» How to complete this task
Transcribe exactly the stretch of lines beginning at the one containing "1599px-Flag_of_the_Ottoman_Empire_(also_used_in_Egypt).svg" and closing with the last line of the entries below. Omit images.

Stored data
*** Begin section ***

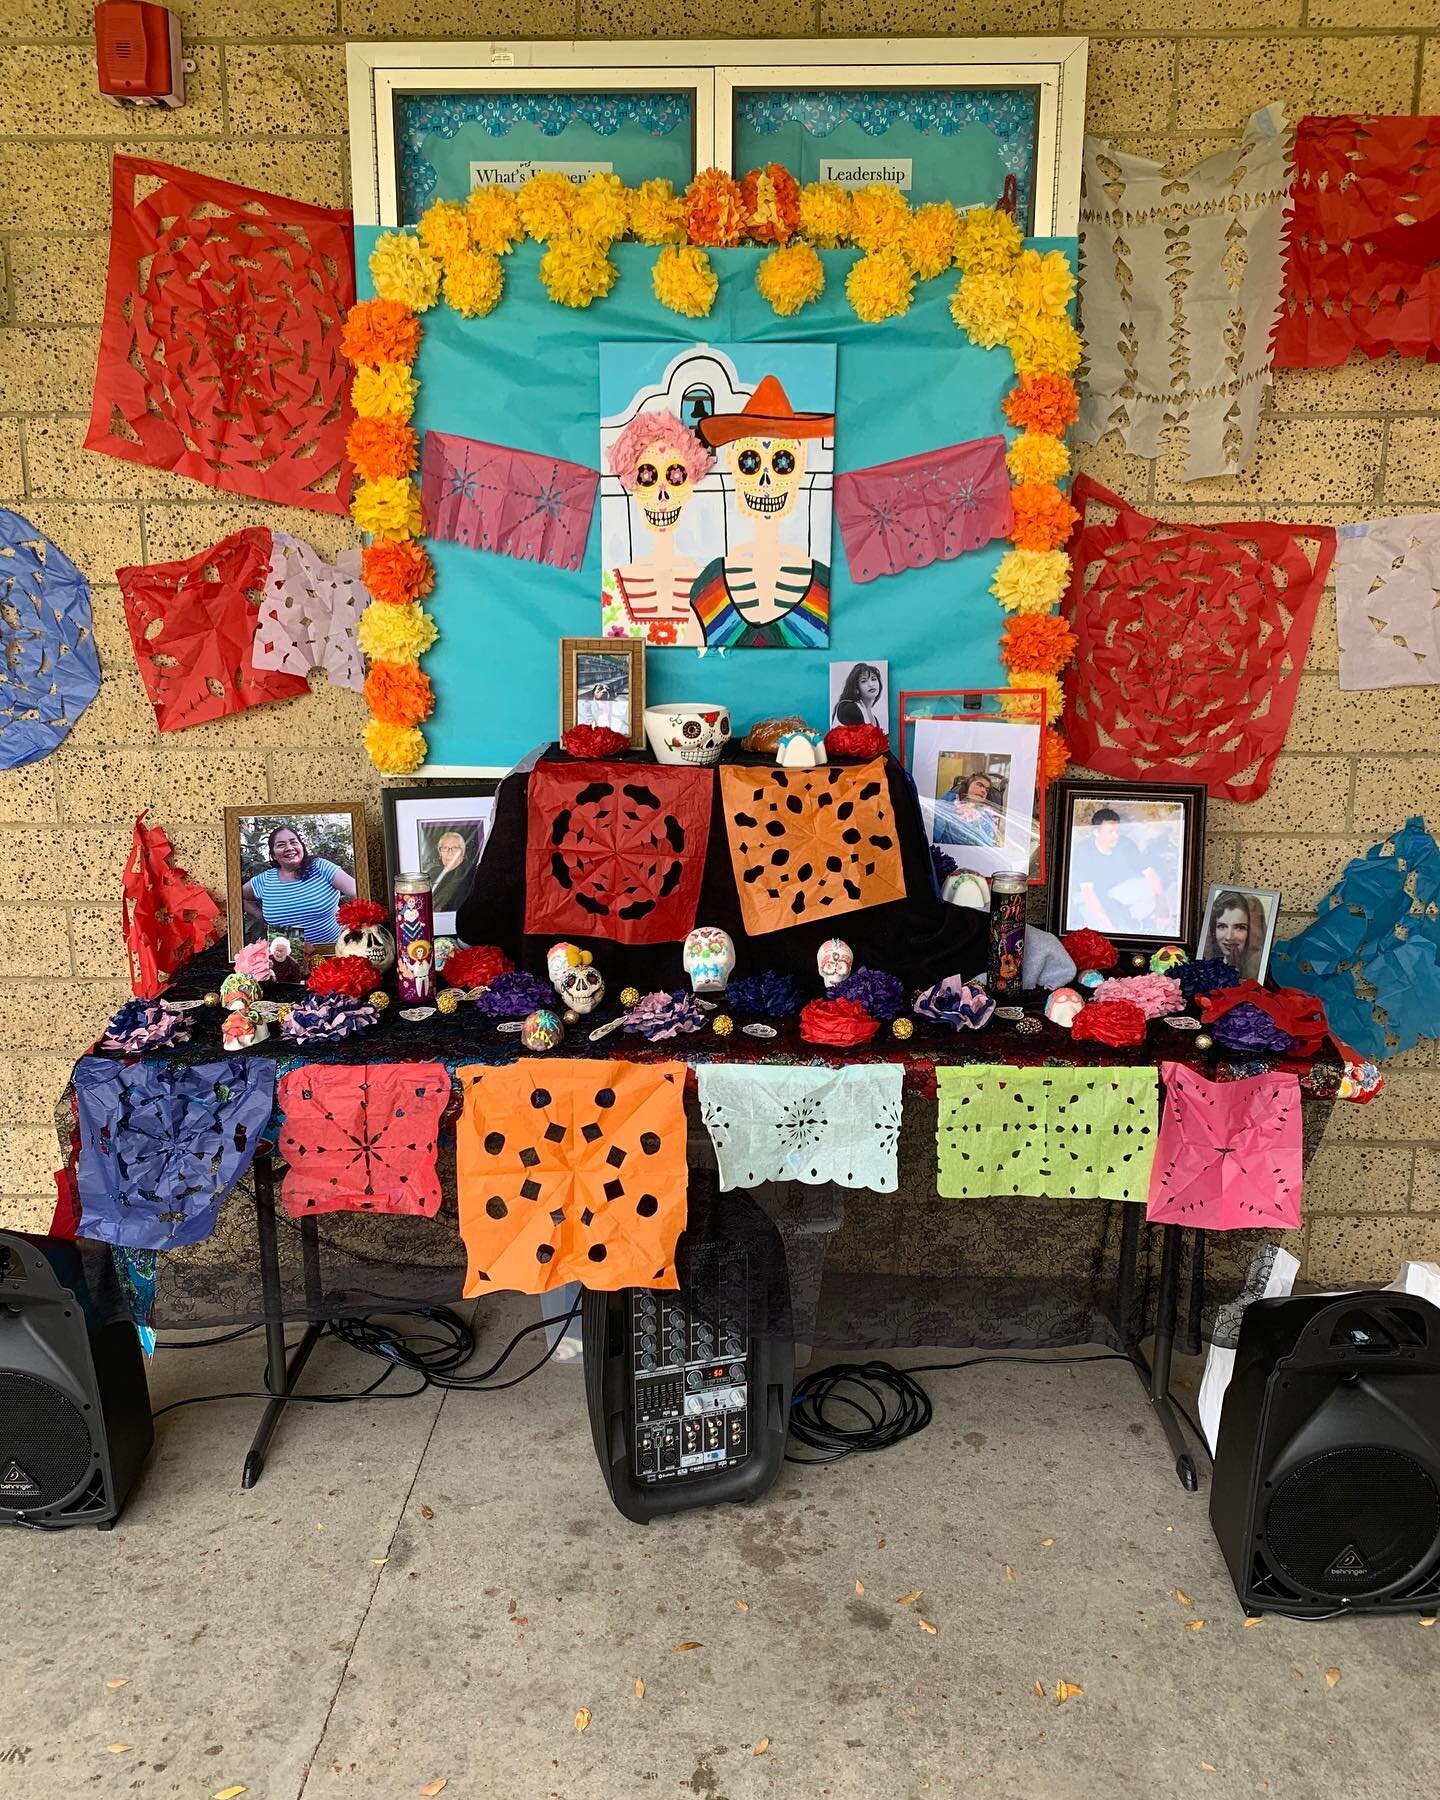 Our students did an amazing job in creating this beautiful altar for &ldquo;D&iacute;a de Muertos.&rdquo; They hand-made all the sugar skulls, banners, and flowers that are seen in this picture!! 

Thank you Latinx Club for hosting this school-wide c
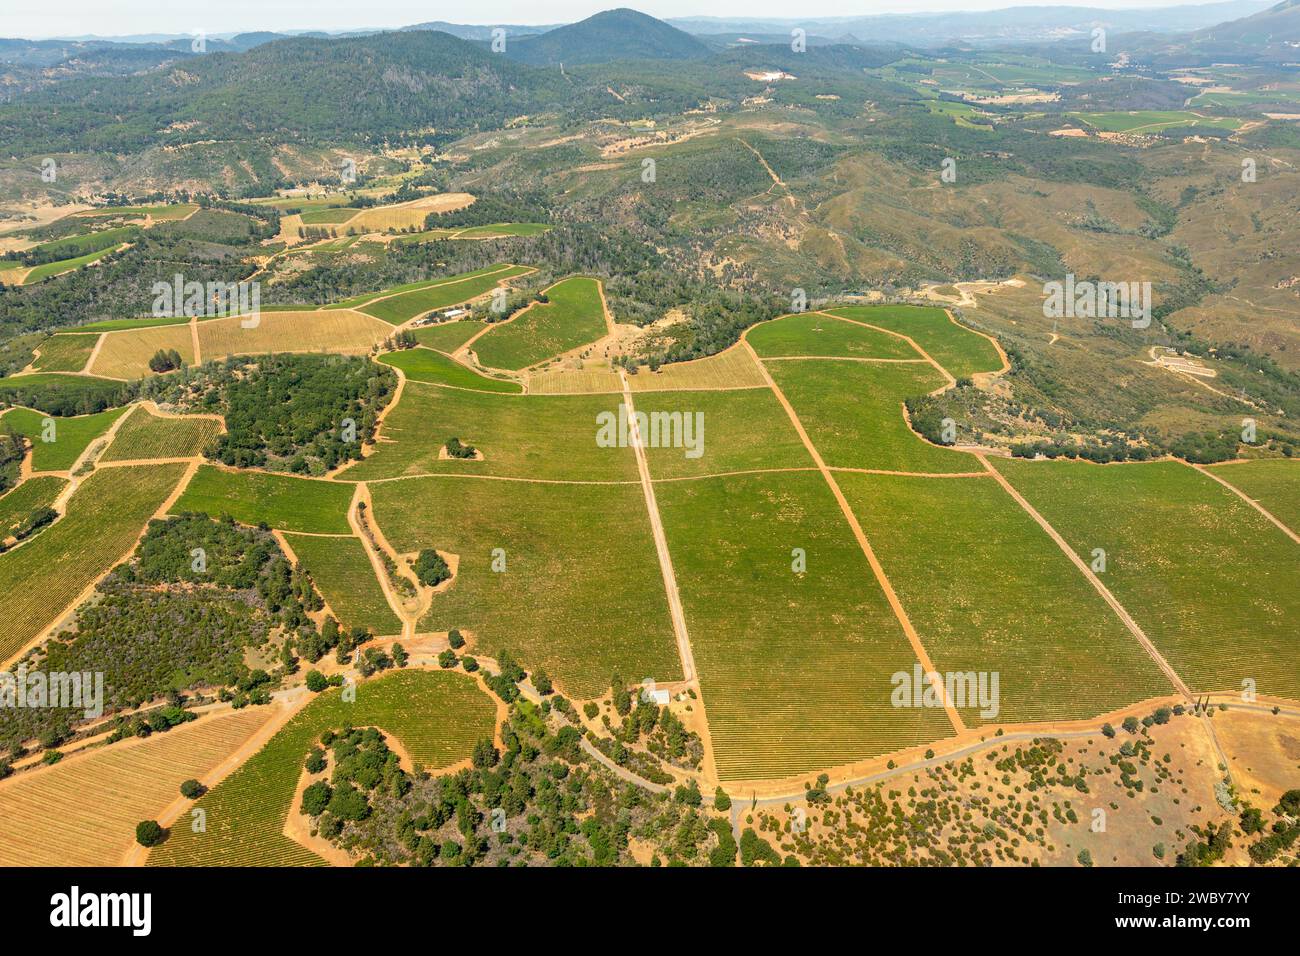 Aerial view of green rows of plants in farm fields, vineyards, and the agricultural towns of norther California Stock Photo
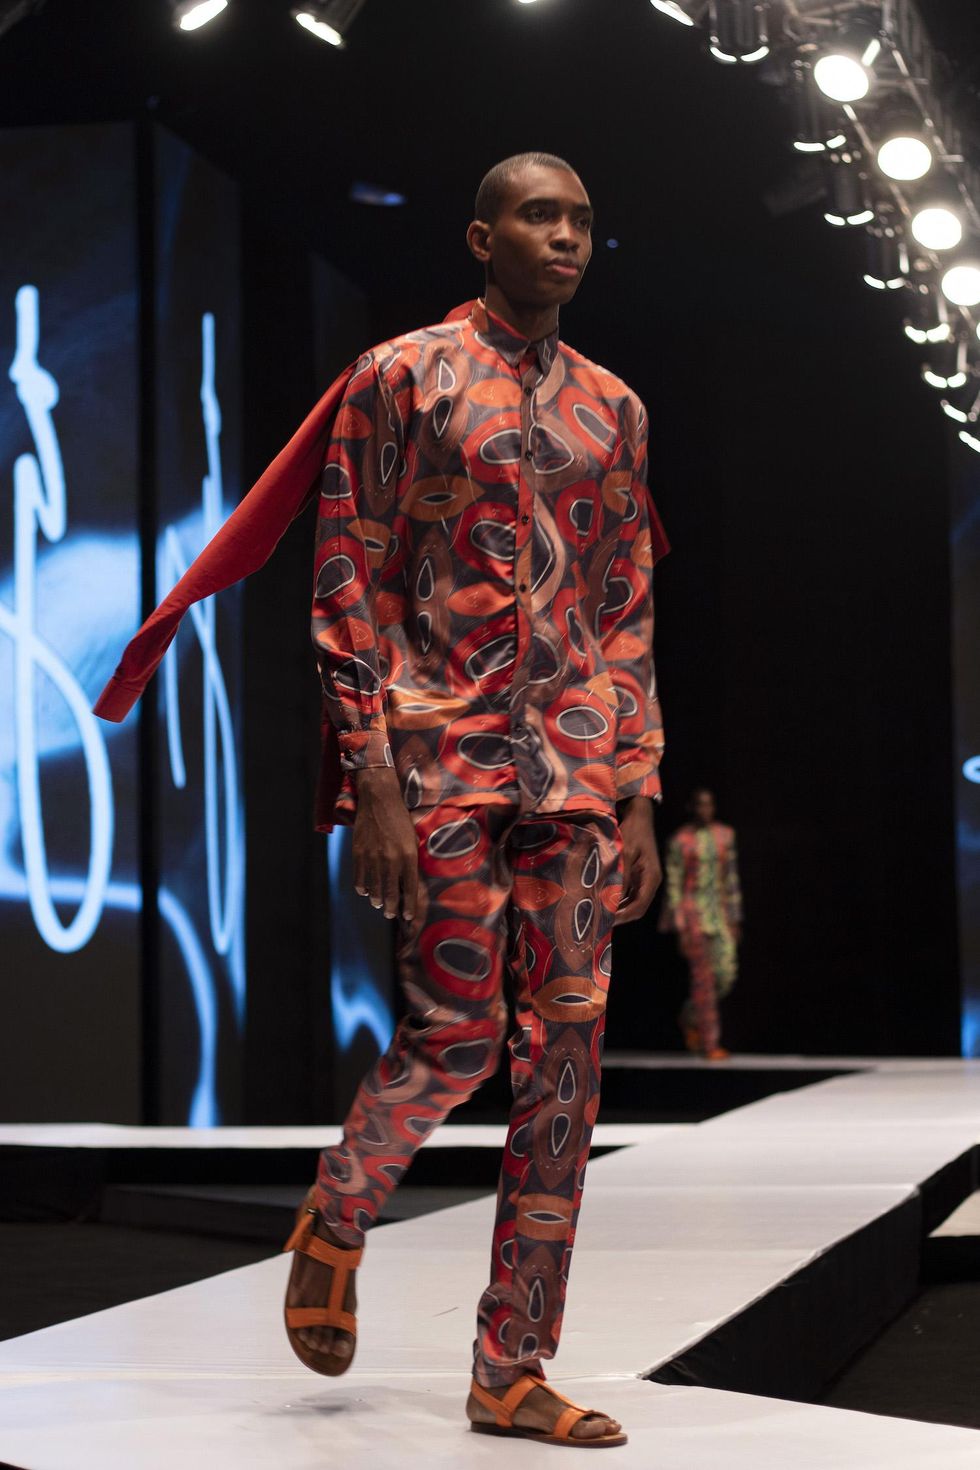  A model walks the runway for JZO
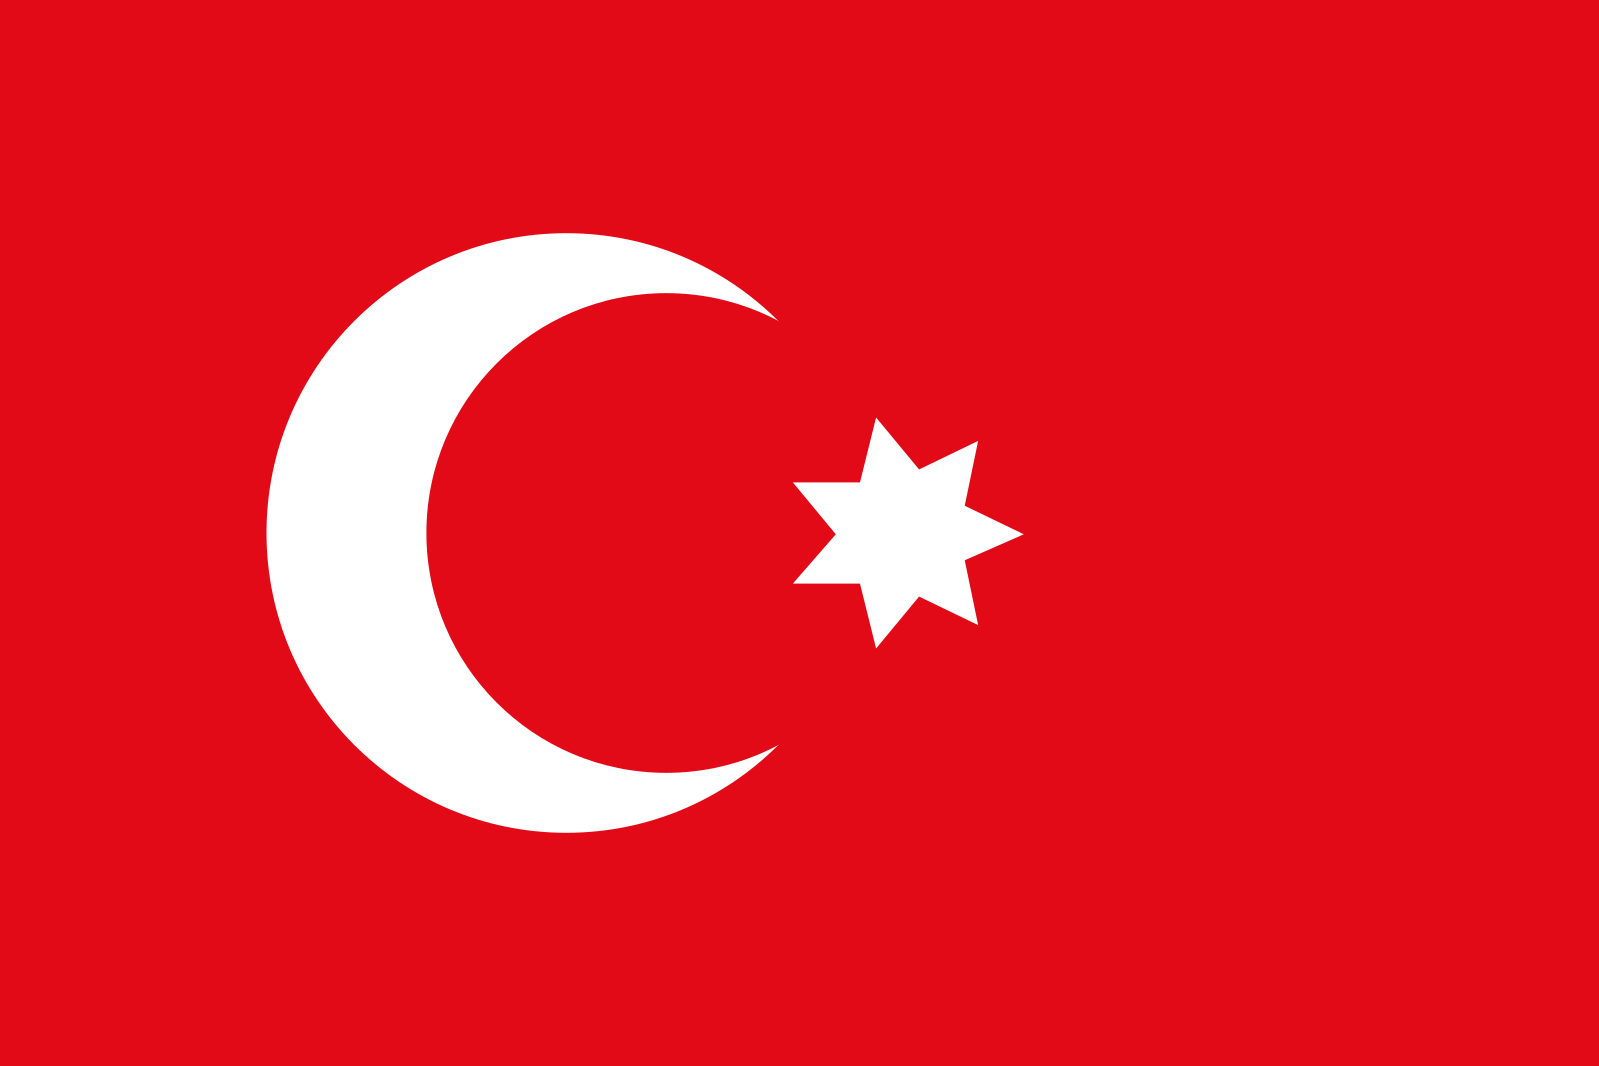 1599px-Flag_of_the_Ottoman_Empire_(also_used_in_Egypt).svg
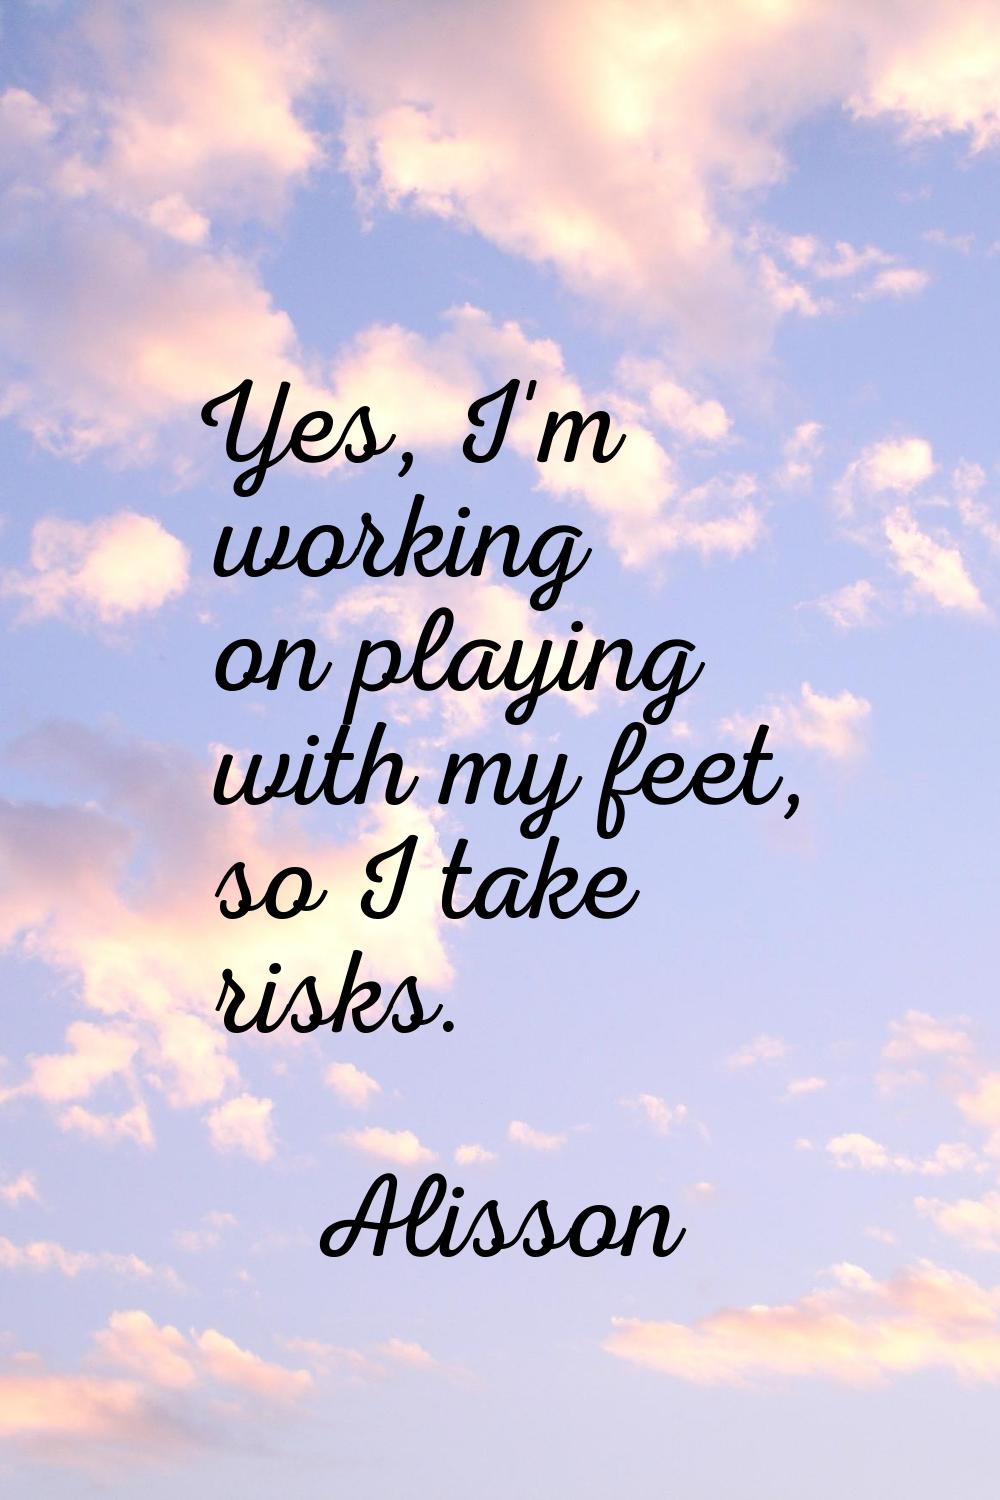 Yes, I'm working on playing with my feet, so I take risks.

*** End section ***

» Your solution
 1599px-Flag_of_the_Ottoman_Empire_(also_used_in_Egypt).svg
 Yes, I'm working on playing with my feet, so I take risks.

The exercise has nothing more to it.